Secrets of Deltora: This book was "written" by Doran the Dragonlover as a travel guide for Deltora.

The Deltora Book of Monsters: This book goes through all the monsters and other deadly things that exist in the world of Deltora, from the original Deltora Quest to Dragons of Deltora. The book includes the beasts throughout history and significant landmarks, such as Reeah from the City of the Rats. The book is also "written" by Josef, the palace librarian in King Lief and King Alton's time.

The Land of Dragons: Although it does not have the word "Deltora" in the title, this book is related to the Deltora Quest series.
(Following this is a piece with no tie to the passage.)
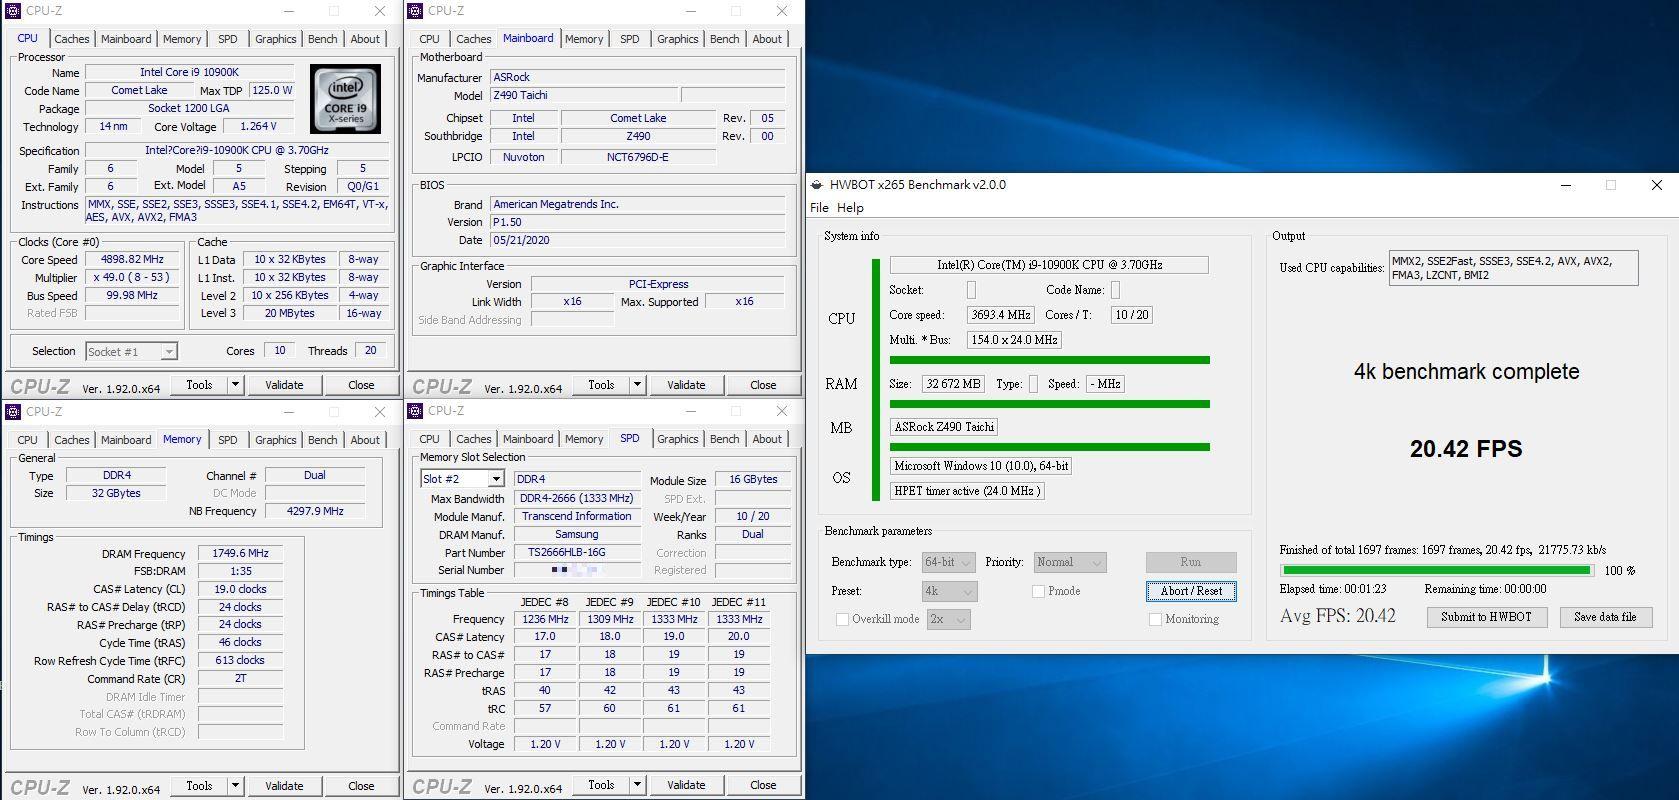 創見Transcend DDR4-2666 16GB記憶體-入手大容量記憶體好選擇,更能滿足超頻小樂趣
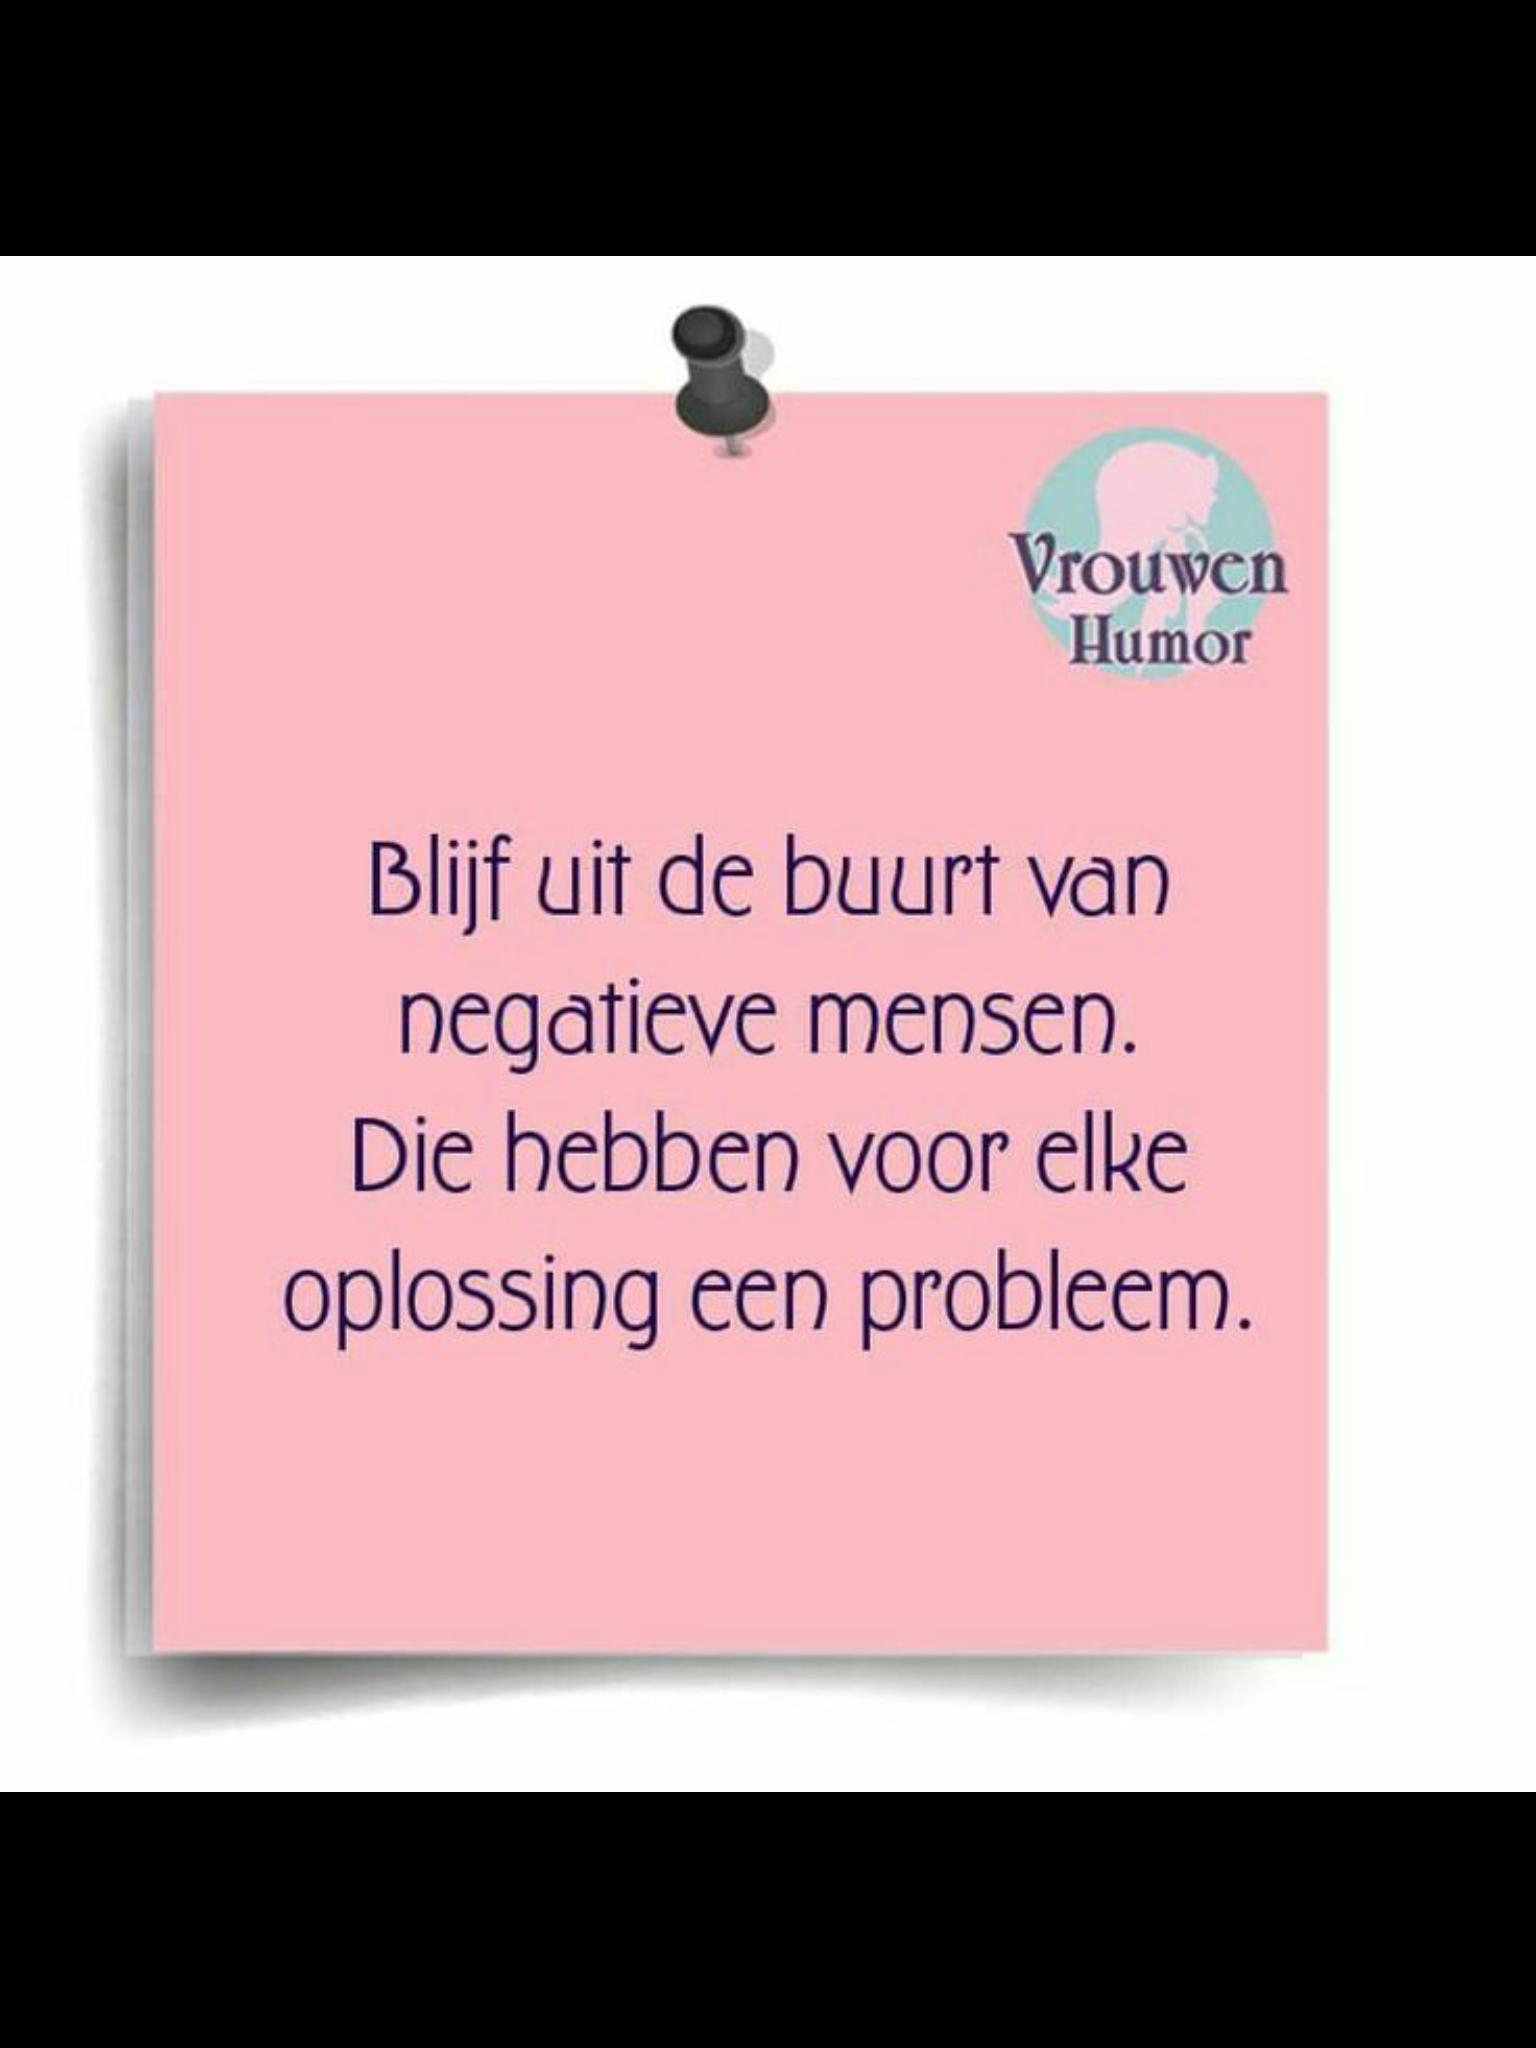 Pin Van Wenneke Op Mooie Teksten Vrouw Humor Grappig En Vrouw

It contains tales of the isle of Dorne, bridging the gap between the Three Doors trilogy and Deltora Quest. The book was offered for free as part of the Australian Council of the Arts Get Reading! Program. The tales of Dorne were later included in a 2013 paperback re-release of Tales of Deltora.

Other books include How to Draw Deltora Monsters and The Ultimate Deltora Quiz Book. The former book, which details the drawing of Deltoran monsters, was primarily authored by illustrator Marc McBride.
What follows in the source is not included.